Chapter 18 Polynomial Schemes

Wednesday, March 3, 1993

Lemma 18.1 Let \(Y = (X, \{R_i\}_{0\leq i\leq D})\) denote the symmetric scheme with associated matrices \(A_0, A_1, \ldots, A_D\). Then the following are equivalent.

\((i)\) The graph \(\Gamma = (X, R_1)\) is distance-regular, and \(R_0, \ldots, R_D\) are labelled so that

\[R_i = \{xy\mid \partial(x,y) = i\}.\]

\((ii)\) There exists \(f_i\in \mathbb{C}[\lambda]\), \(\deg f_i = i\) such that \(f_i(A_1) = A_i\) for all \(i\) with \(0\leq i\leq D\).

\((iii)\) The parameter \(p^h_{ij}\)

\[\begin{cases} = 0 & \text{if one of $h, i, j$ is larger than the sum of the other two,}\\ \neq 0 & \text{if one of $h,i,j$ is equal to the sum of the other two.}\end{cases}\]

Proof.

\((i)\Rightarrow (ii)\): Lemma 16.1.

\((ii)\Rightarrow (iii)\): Define

\[k_i \equiv p^0_{ii} = |\{z\mid z\in X, \; \partial(x,z) = i, \; ((x,z)\in R_i)\}|\] for any \(x\in X\). Then \(k_i \neq 0\) \((0\leq i\leq D)\), \(k_0 = 1\).

(By symmetricity, \((x,y)\in R_i\) if and only if \((y,x)\in R_i\).)

Claim. \[\begin{align} k_hp^h_{ij} & = k_ip^i_{hj} = k_jp^j_{ih}\\ & = |X|^{-1}|\{xyz\in X^3\mid \partial(x,y) = h, \partial(x,z) = i, \partial(y,z) = j\}|. \end{align}\] Pf.
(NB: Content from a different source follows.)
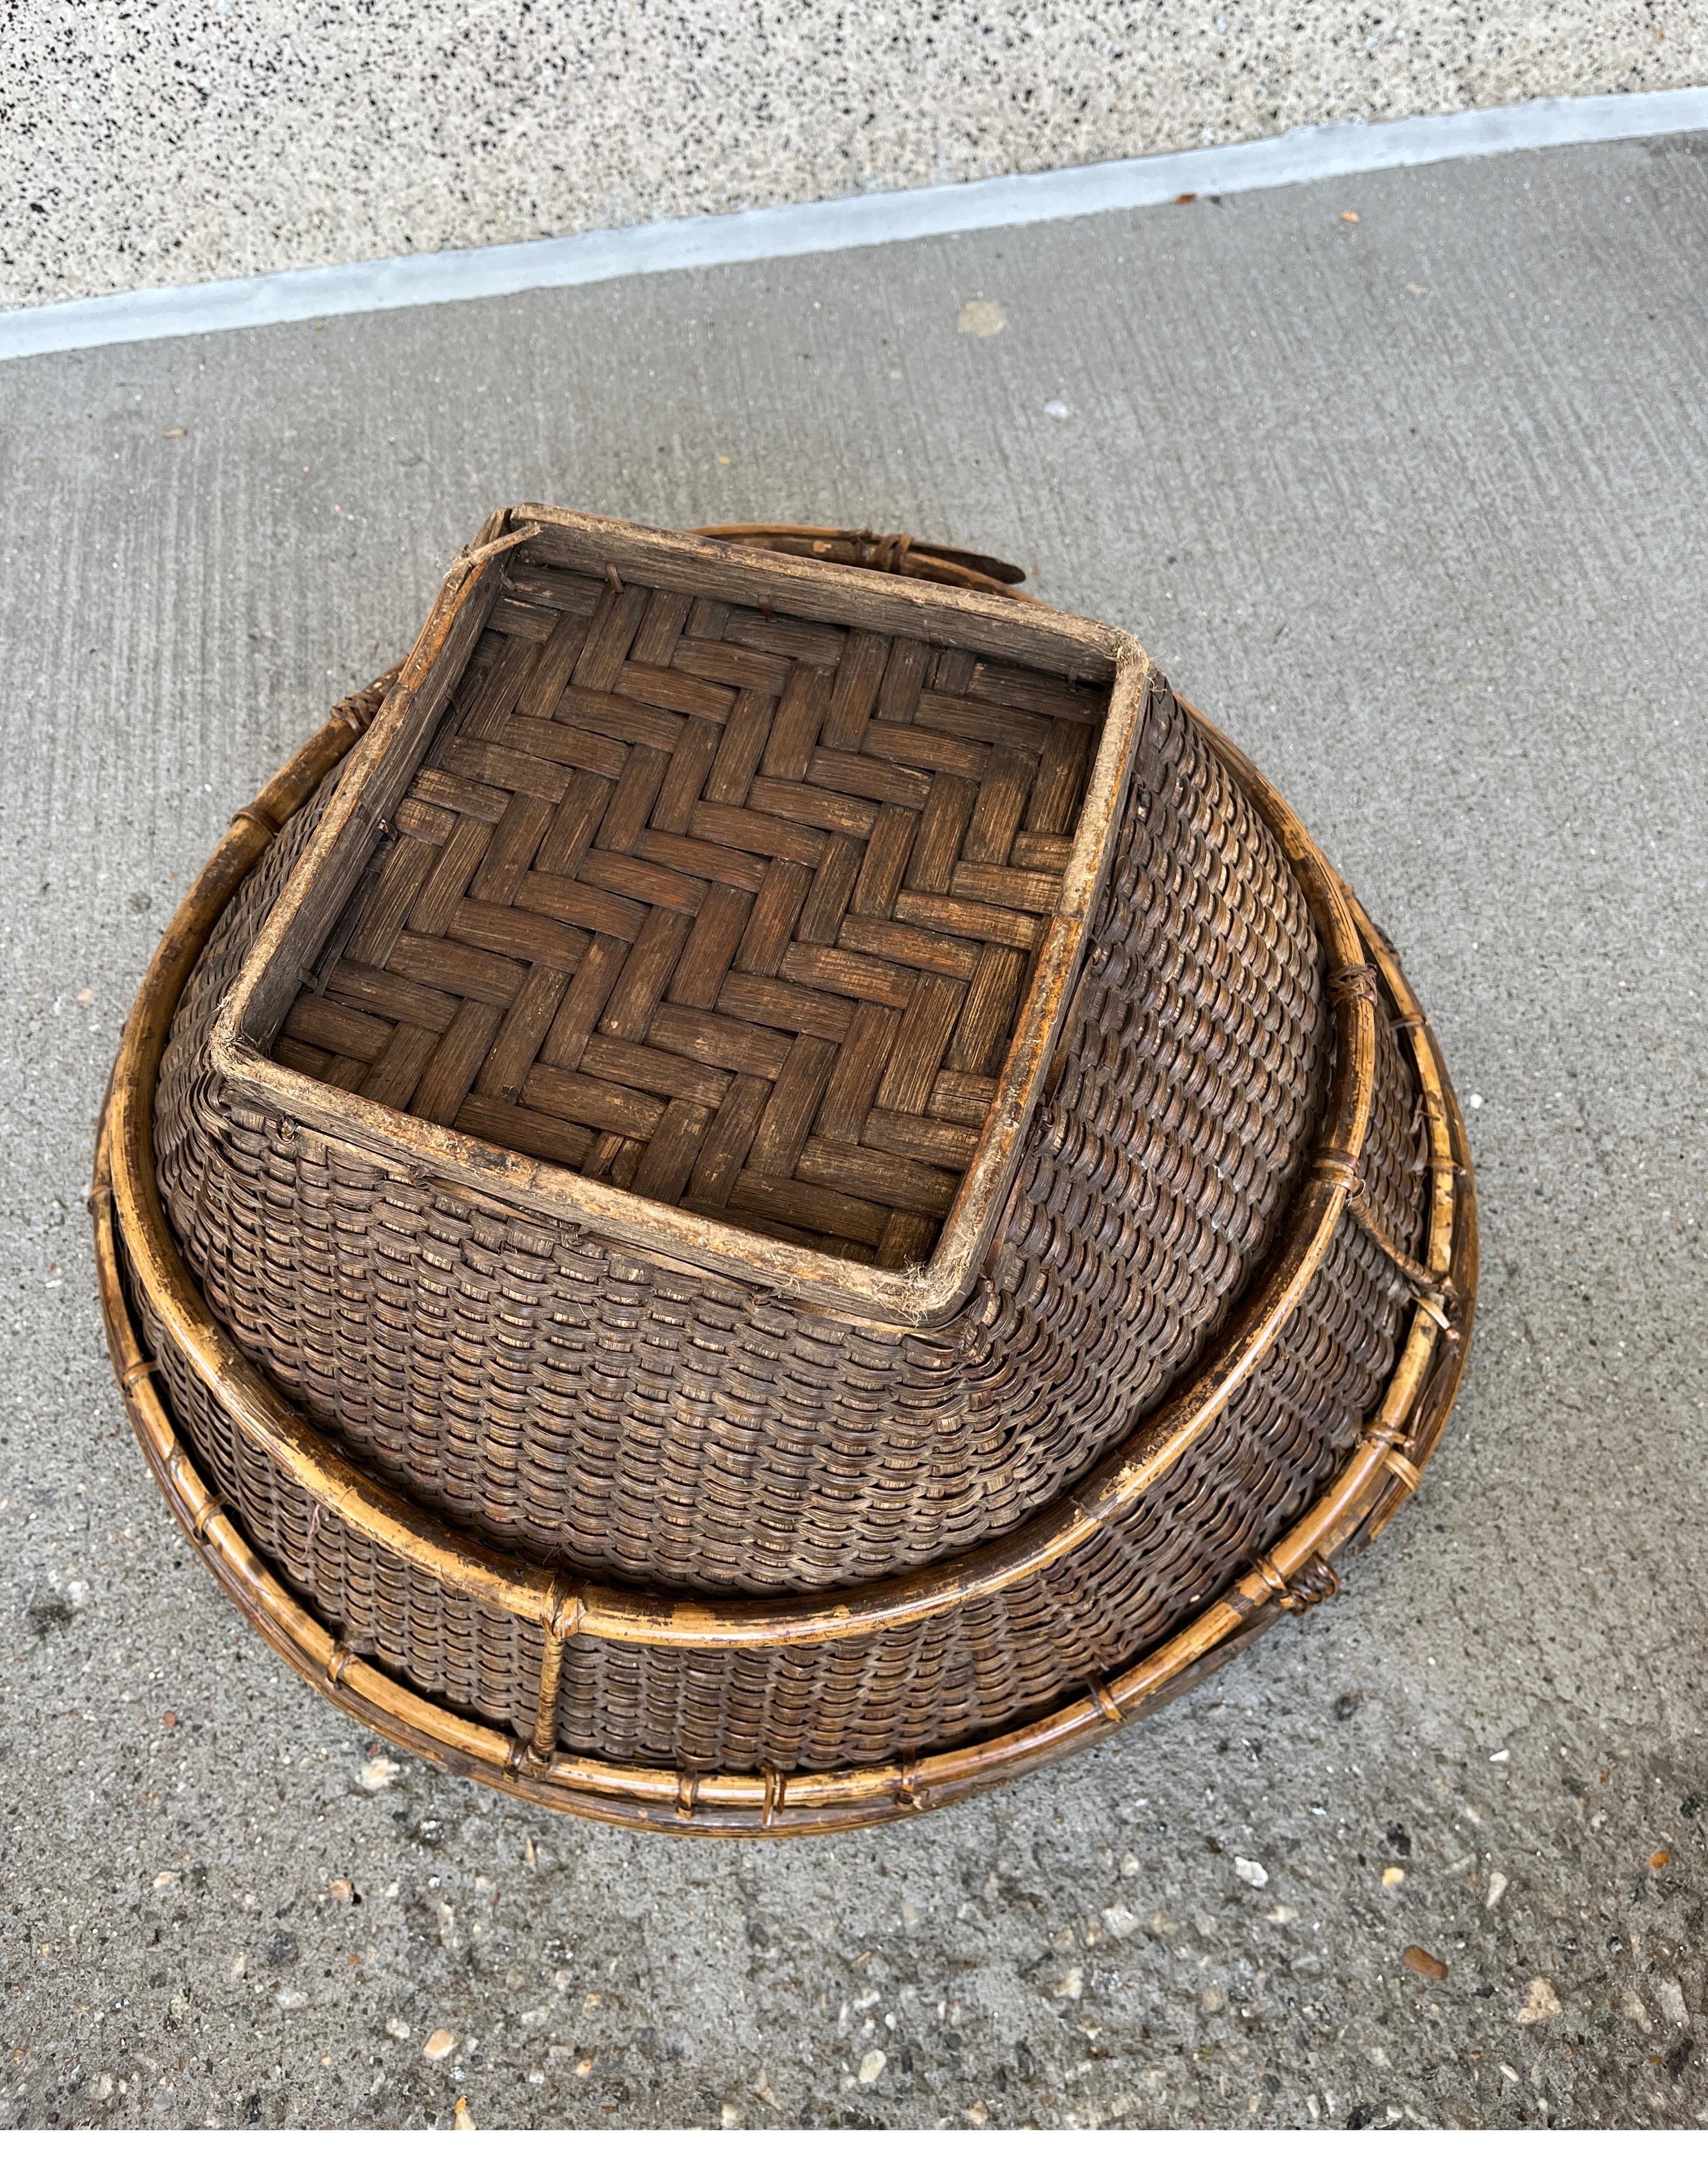 Contemporary Woven Basket, Phillipines 9

The number of \(xyz\in X^3\), \(\partial(x,y) = h, \partial(x,z) = i, \partial(y,z) = j\) is equal to \[|X|k_hp^h_{ij} = |X|k_ip^i_{hj} = k_jp^j_{ih}.\]

In particular, \[p^h_{ij} = 0 \leftrightarrow p^i_{hj} =0 \leftrightarrow p^j_{ih} = 0.\] Hence, it suffices to show \[\begin{cases} p^h_{ij} = 0 & \text{if }\; h > i+j\\ p^h_{ij} \neq 0 & \text{if }\; h = i+j. \end{cases}\]

Fix \(i,j\). Without loss of generality, we may assume that \(i+j\leq D\) as trivial otherwise. \[f_i(A)f_j(A) = A_iA_j = \sum_{\ell = 0}^Dp^{\ell}_{ij}A_\ell = \sum_{\ell=0}^Dp^\ell_{ij}f_\ell(A).\] \[\begin{align} i + j & = \deg \mathrm{LHS}\\ & = \deg \mathrm{RHS}\\ & = \max\{\ell\mid p^\ell_{ij}\neq 0\}. \end{align}\]

\((iii)\Rightarrow (i)\)

Let \(A = A_1\), and consider a graph \(\Gamma\) with adjacency matrix \(A\). \[\begin{align} AA_j & = \sum_{h}p^h_{1j}A_h\\ & = p^{j+1}_{1j} A_{j+1} + p^j_{1j}A_j + p^{j-1}_{1j}A_{j-1}. \end{align}\]

Then, \(p^{j+1}_{1j} \neq 0 \neq p^{j-1}_{1j}\).

Fix a vertex \(x\in X\), and set \(R_i(x) = \{y\mid (x,y)\in R_i\}\).

Then each \(y\in R_i(x)\) is adjacent in \(\Gamma\) to exactly \[\begin{align} p^i_{1,i+1} & \neq 0 \quad \text{vertices in }\; R_{i+1}(x),\\ p^i_{1i} & \qquad \text{vertices in }\; R_{i}(x),\\ p^i_{1,i-1} & \neq 0 \quad \text{vertices in }\; R_{i-1}(x). \end{align}\] Hence, by induction, \[\begin{align} R_i(x) & = \{y\mid \partial(x,y) = i \text{ in }\Gamma\} && (0\leq i\leq D), \end{align}\] and \(\Gamma\) is distance regular.